Print nothing except the line holding "2002 LONDON TAXIS" and the lines that come after it in the material below, and leave the pictures out.

** Stored data follows **

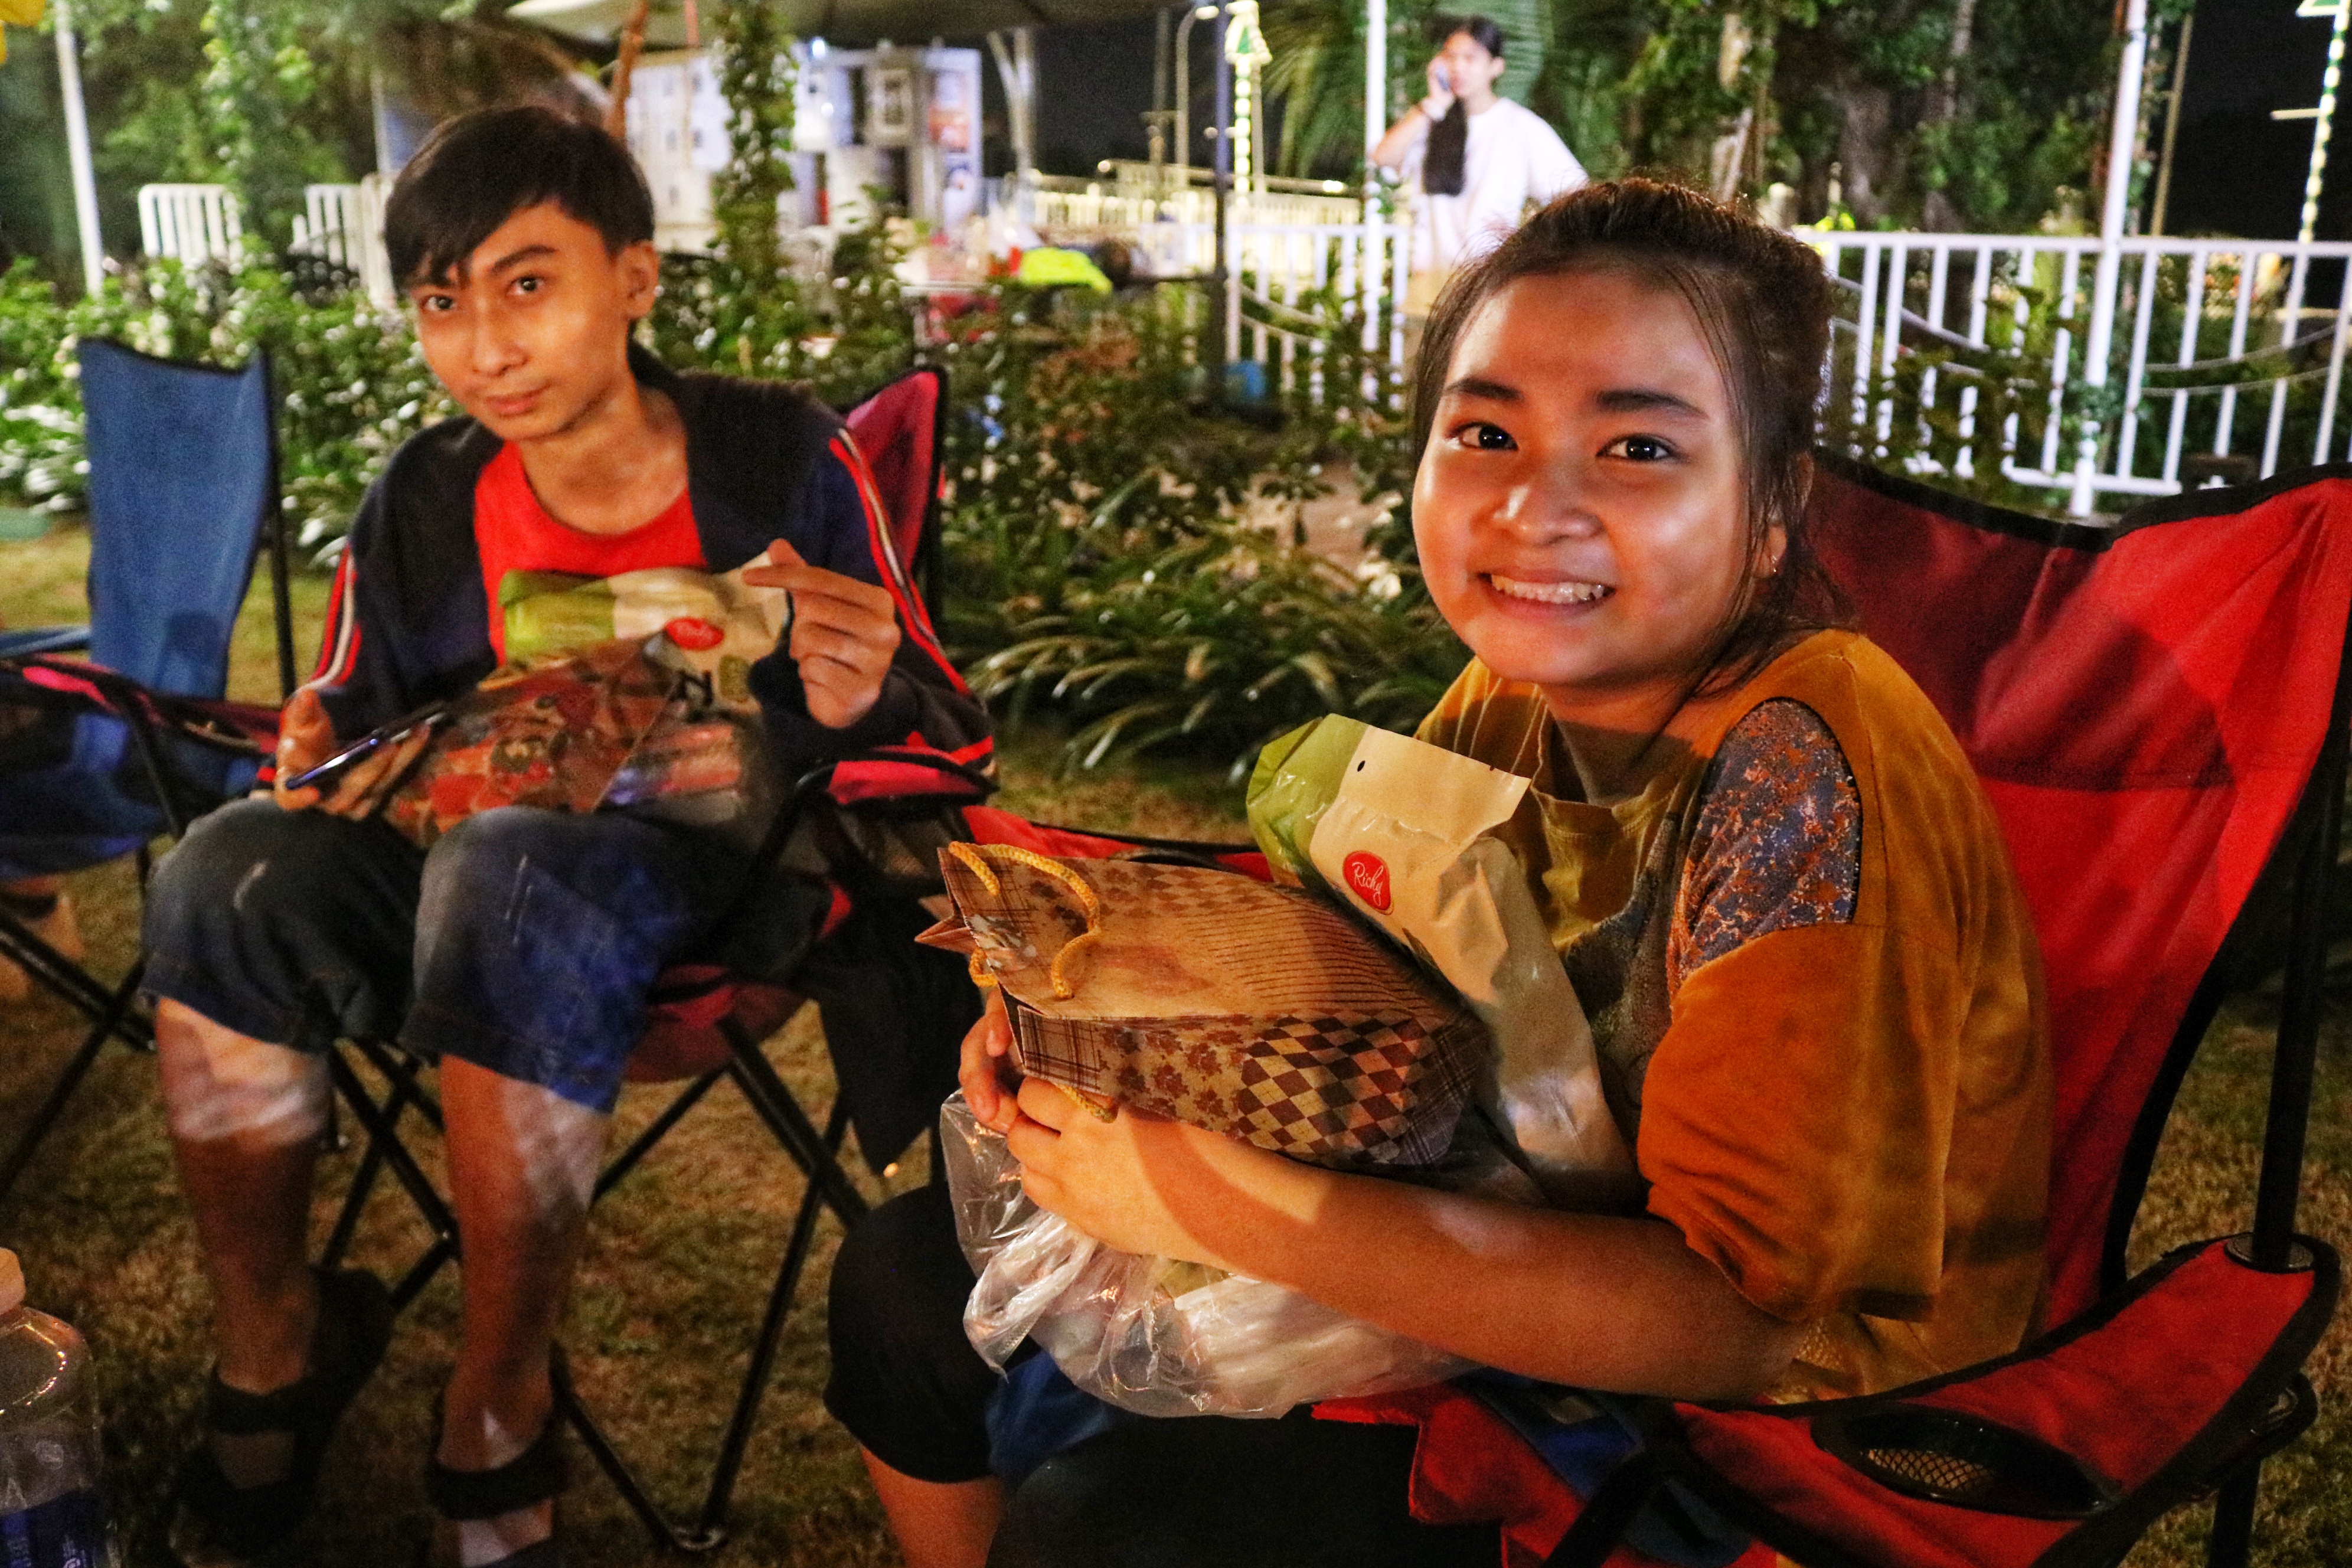 Ngoc An (right) and her brother Huu An receive Christmas gifts at the event. Photo: Hoang An / Tuoi Tre News
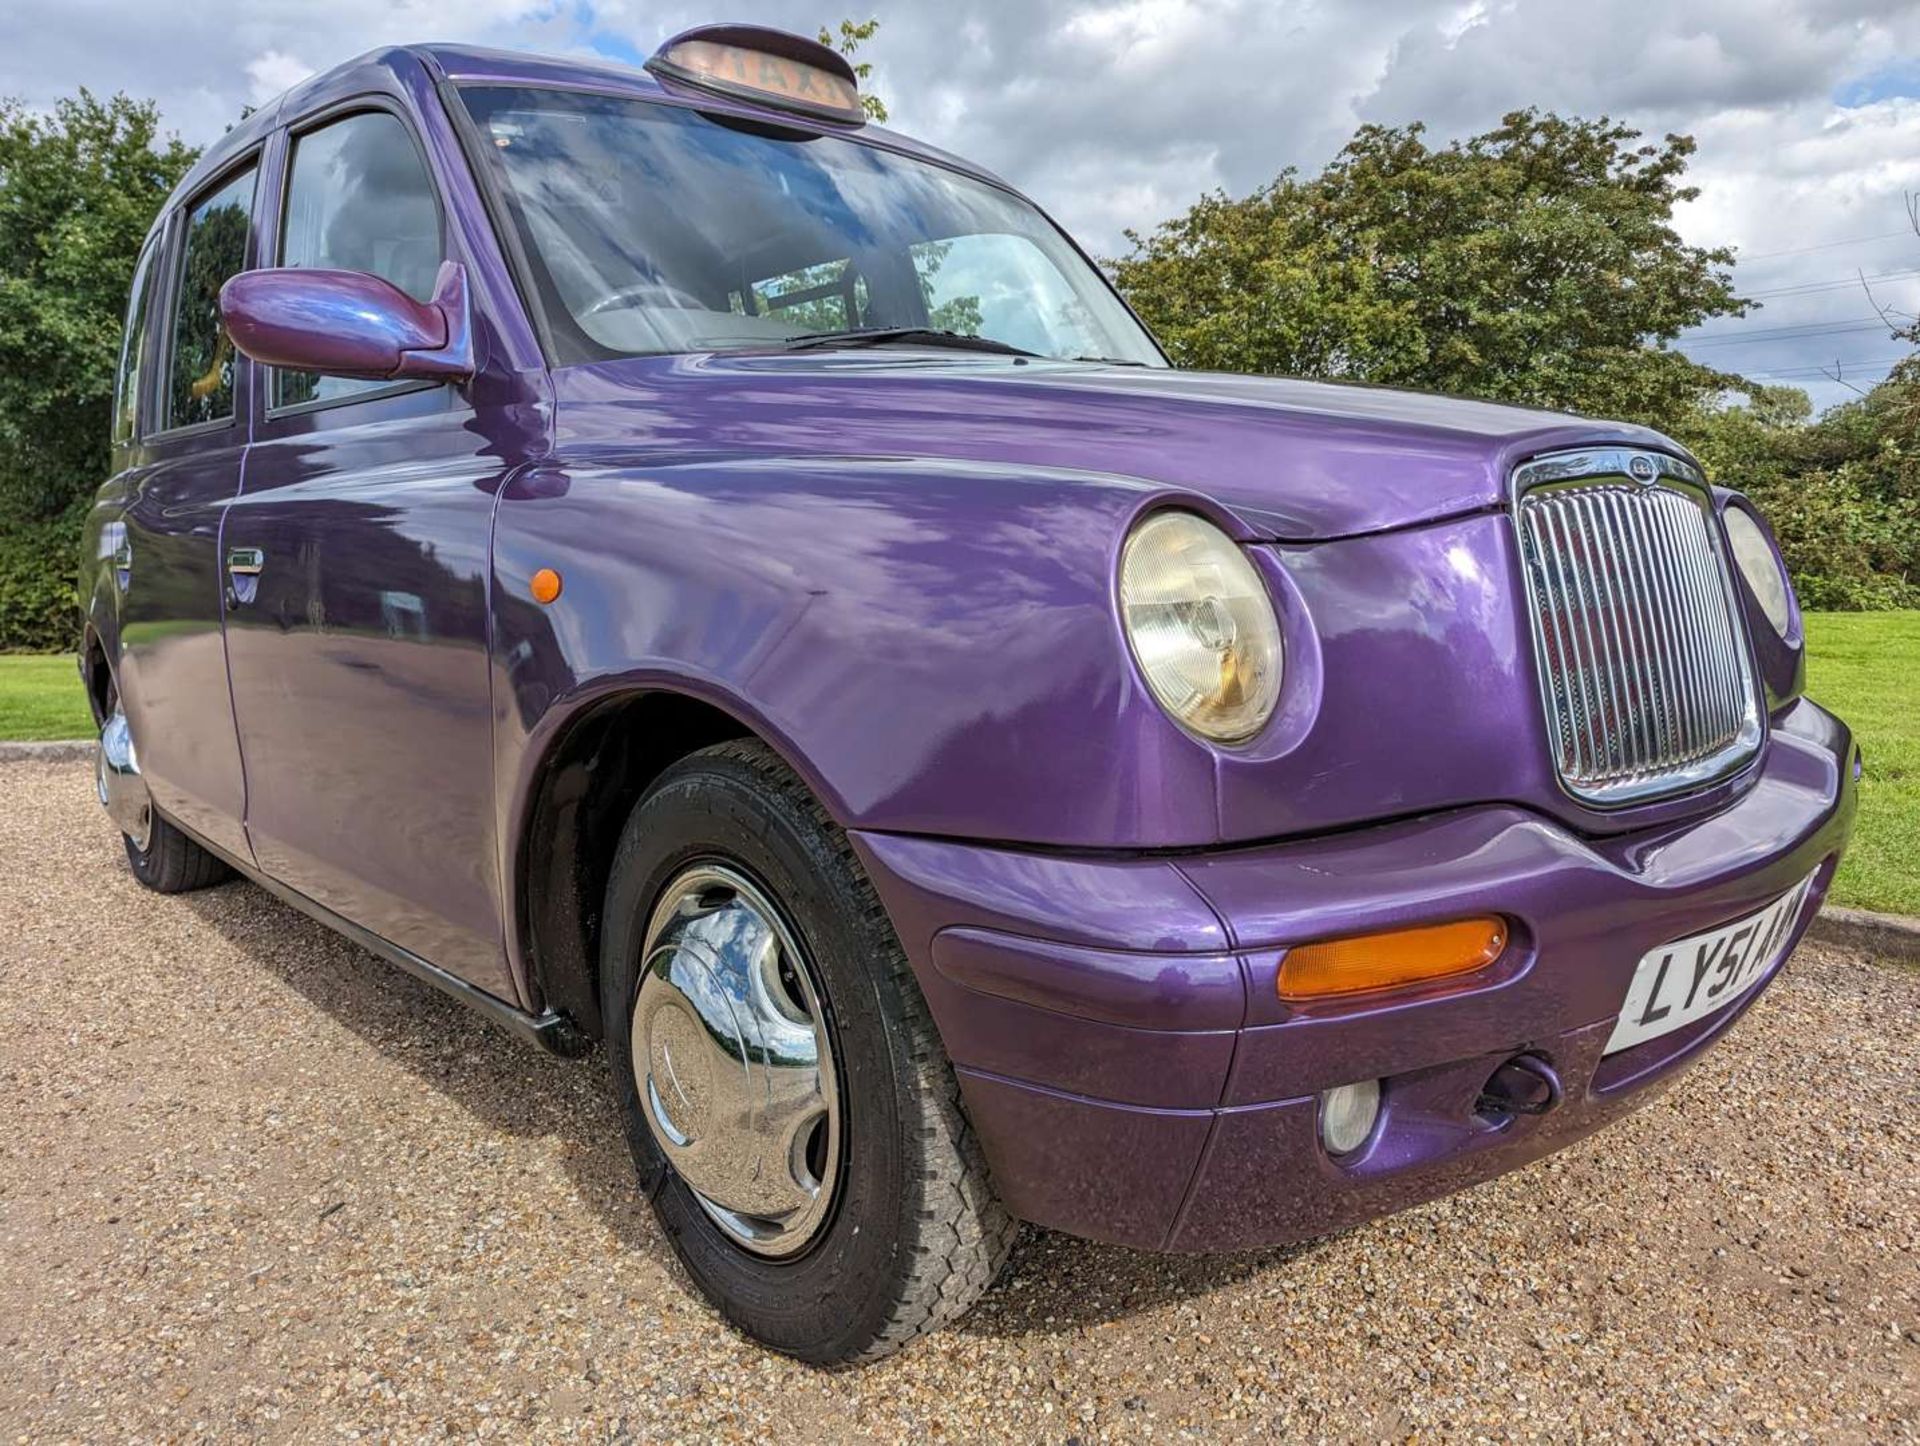 2002 LONDON TAXIS INT TX1 LPG/FUEL - Image 9 of 30
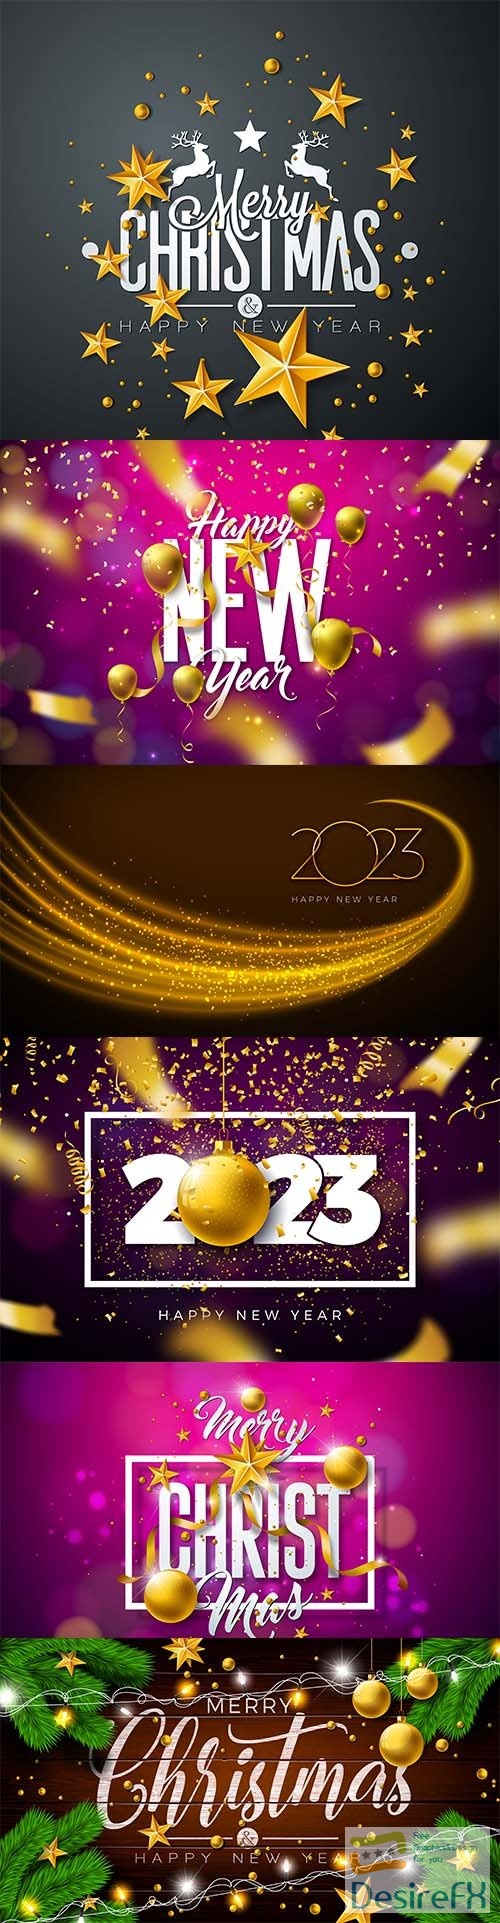 Merry christmas and happy new year illustration with gold glass ball, star and light garland

** End of Stored data **

Result below:
 2002 LONDON TAXIS INT TX1 LPG/FUEL - Image 9 of 30
 Merry christmas and happy new year illustration with gold glass ball, star and light garland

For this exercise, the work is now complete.